EXERCISE DESCRIPTION: After locating the line that holds "Copper Mini Ornaments, Set", repeat it and each following line exactly until the material ends, skipping pictures.

SOURCE MATERIAL:
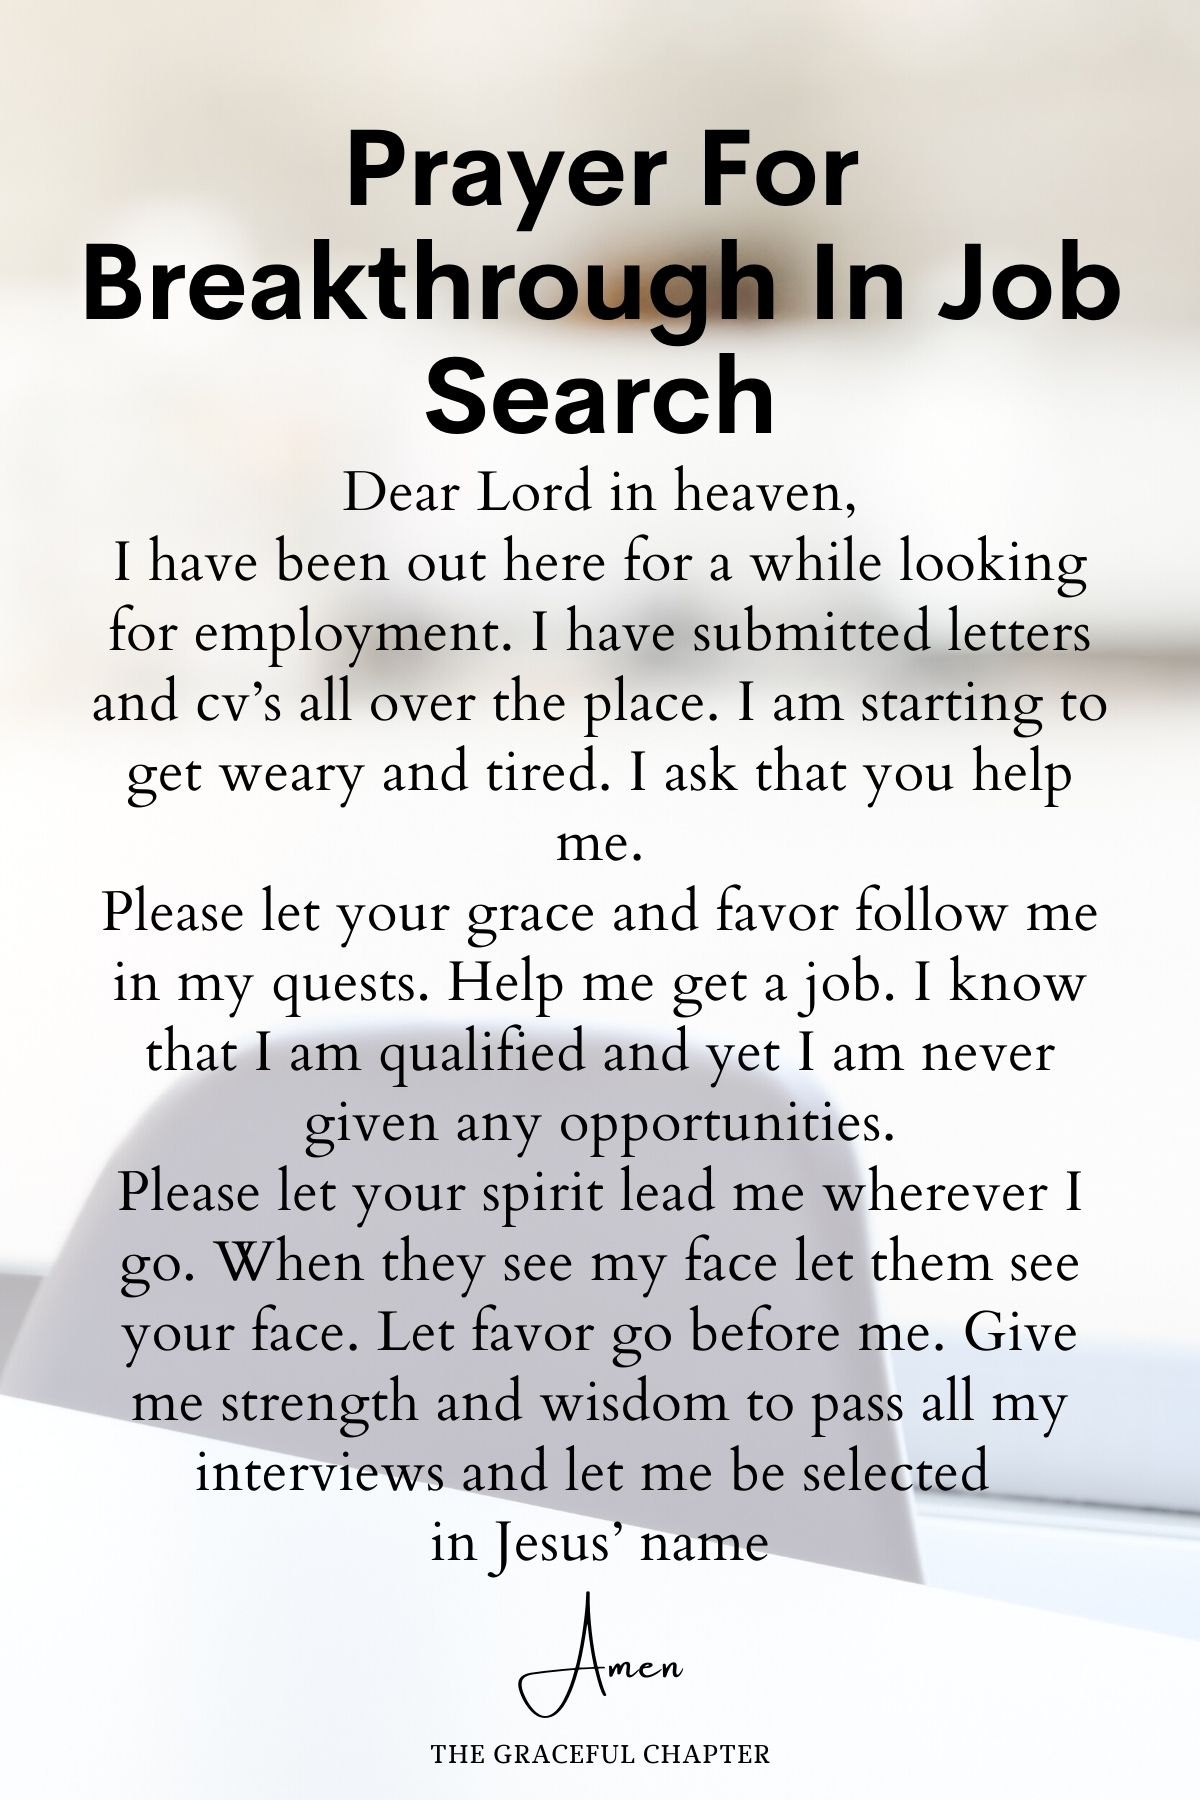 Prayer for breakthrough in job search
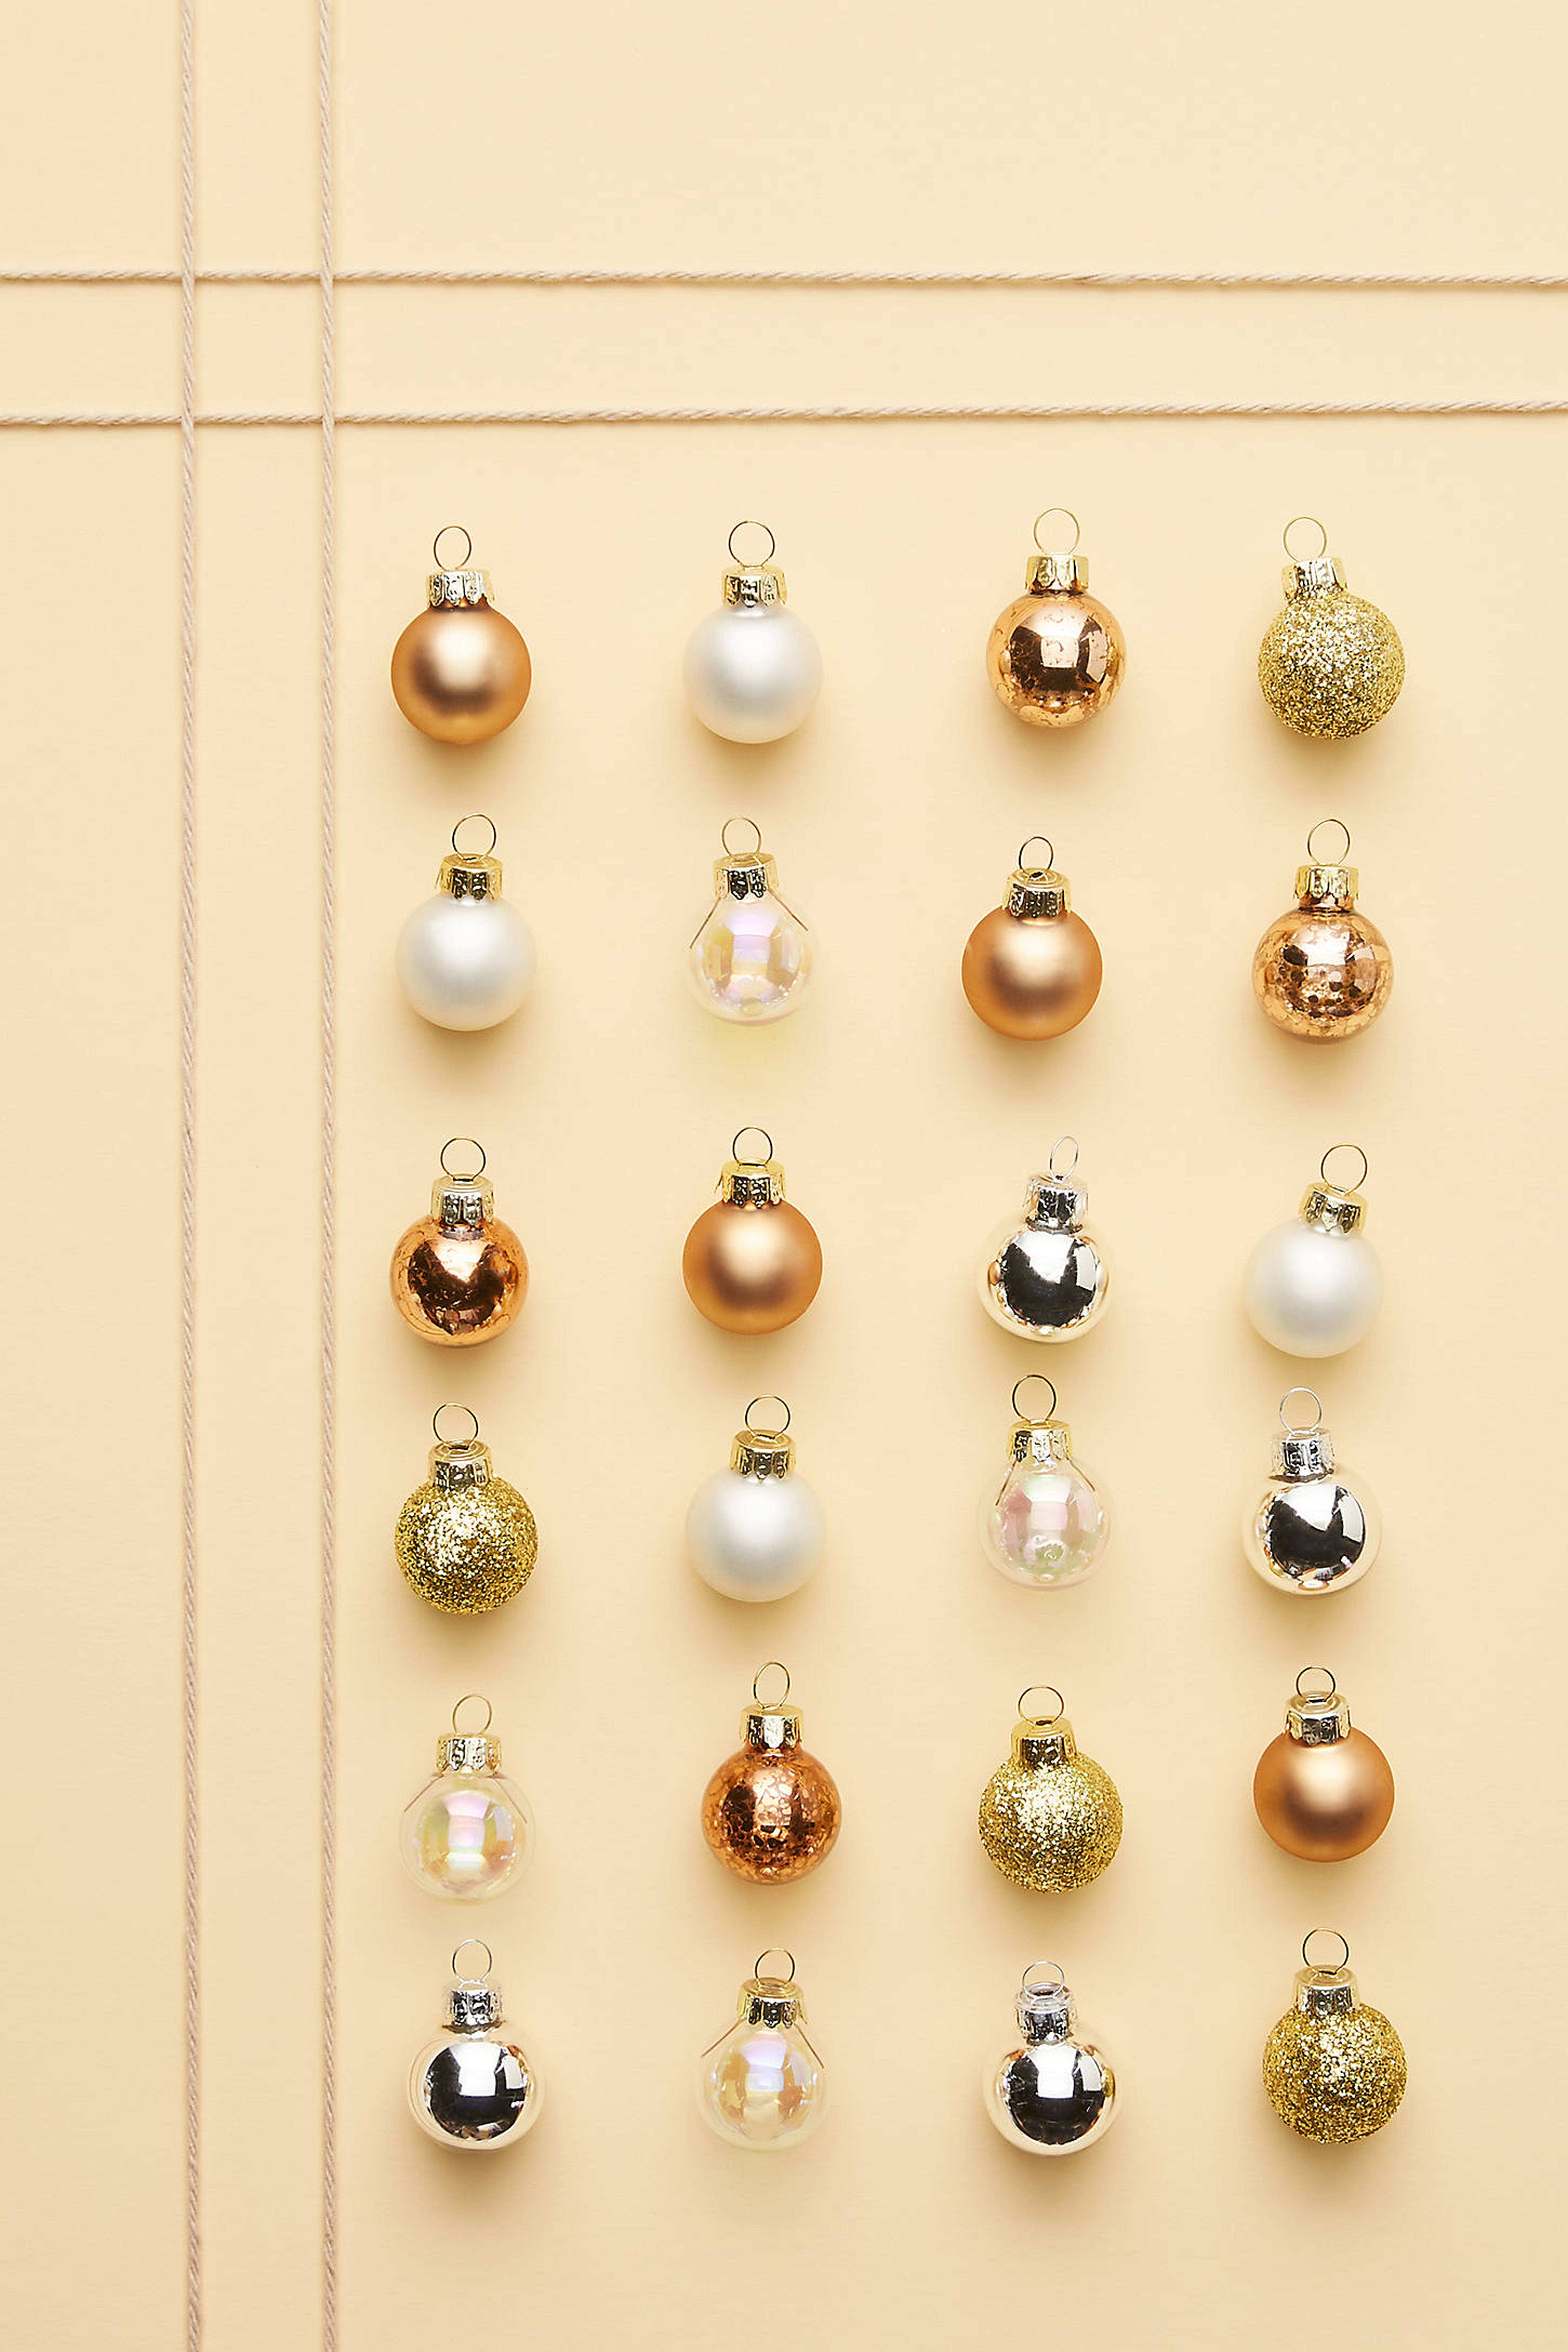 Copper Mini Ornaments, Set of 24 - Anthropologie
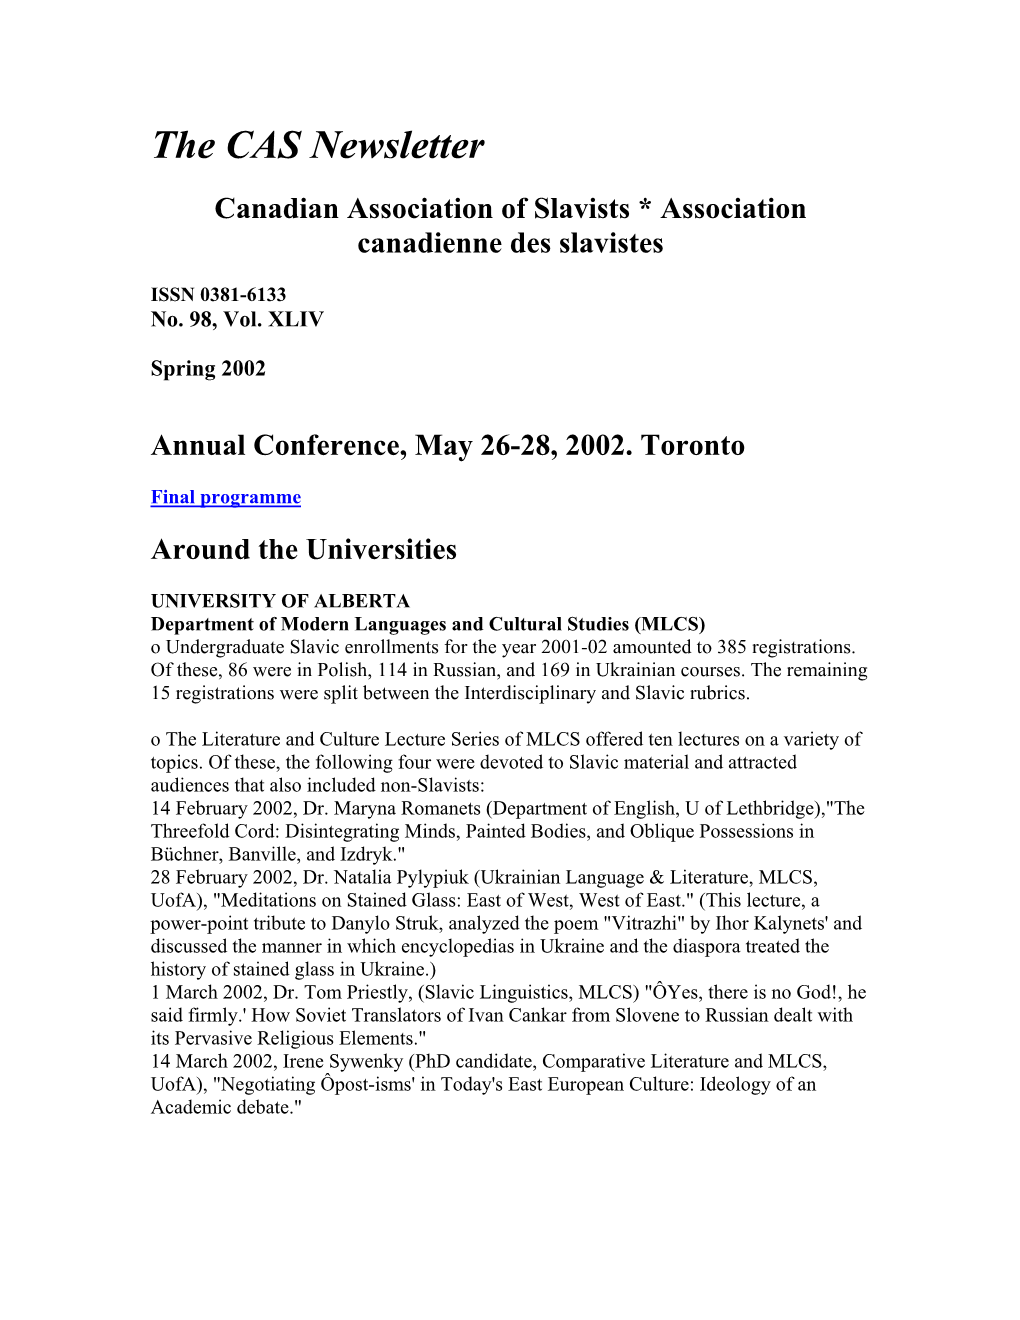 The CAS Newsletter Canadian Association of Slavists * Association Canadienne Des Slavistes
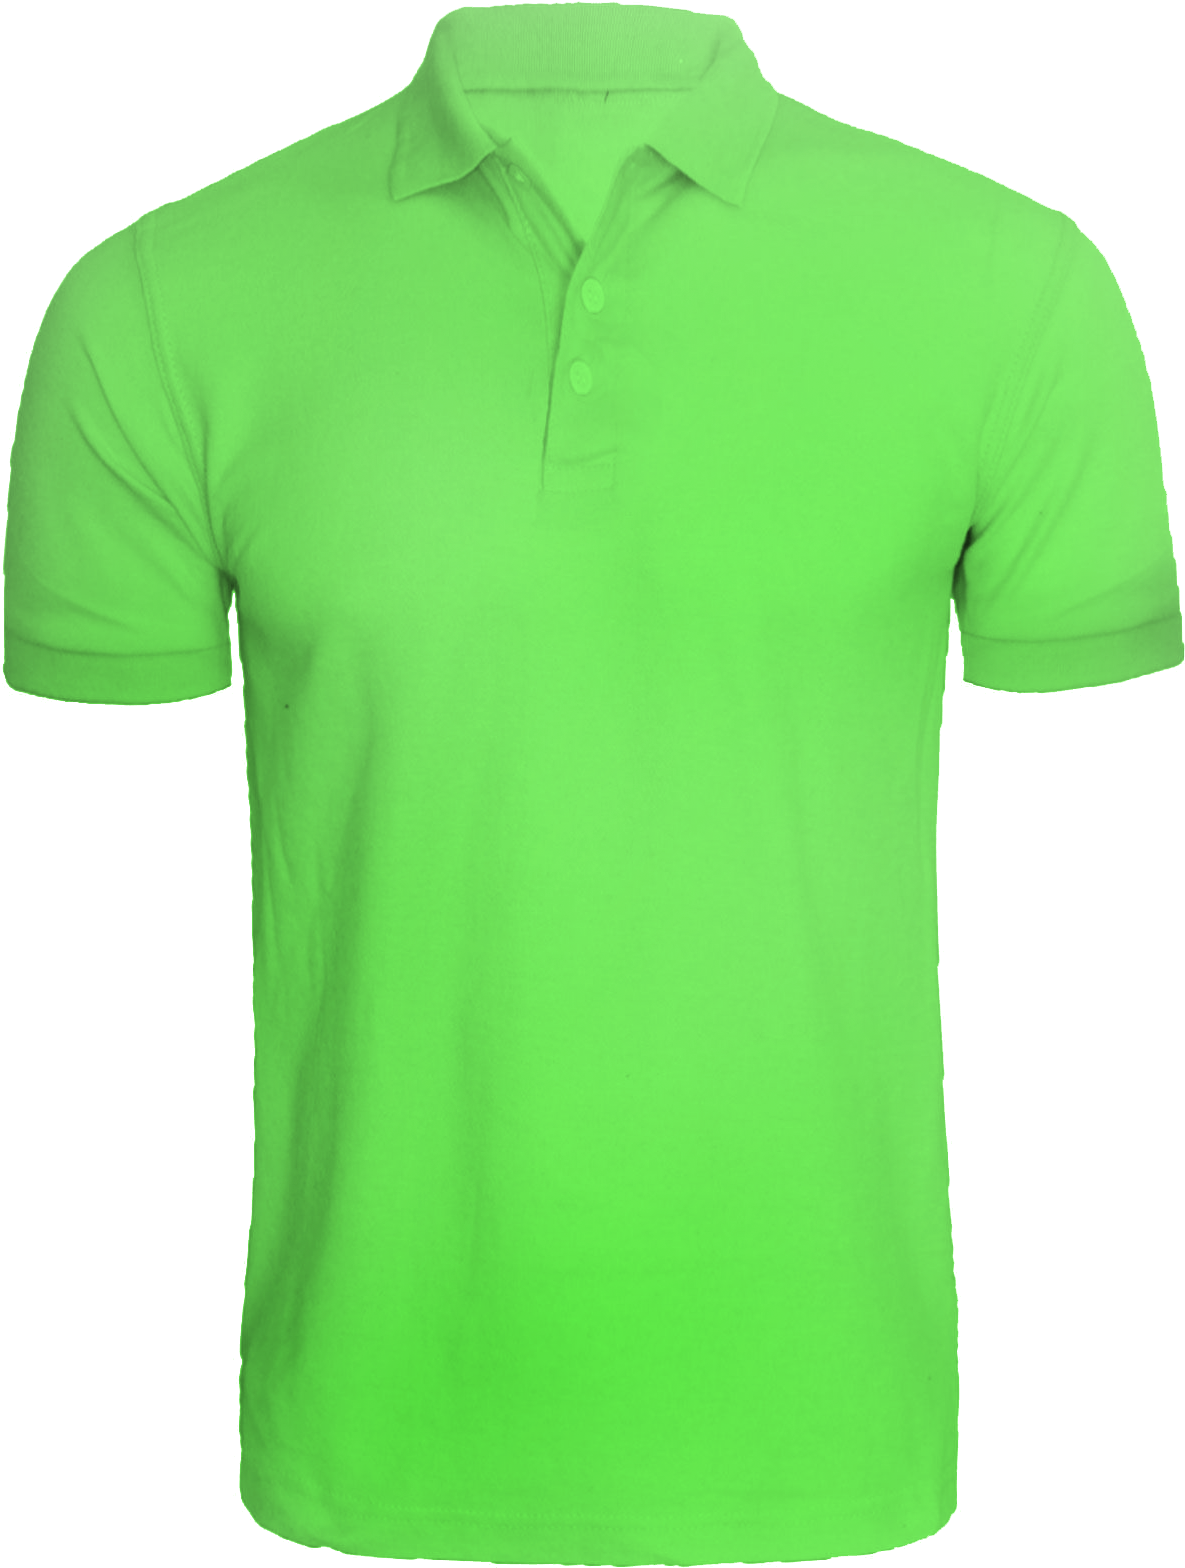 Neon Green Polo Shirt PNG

RESPONSE AREA:
 Copper Mini Ornaments, Set of 24 - Anthropologie
 The CAS Newsletter Canadian Association of Slavists * Association Canadienne Des Slavistes
 Neon Green Polo Shirt PNG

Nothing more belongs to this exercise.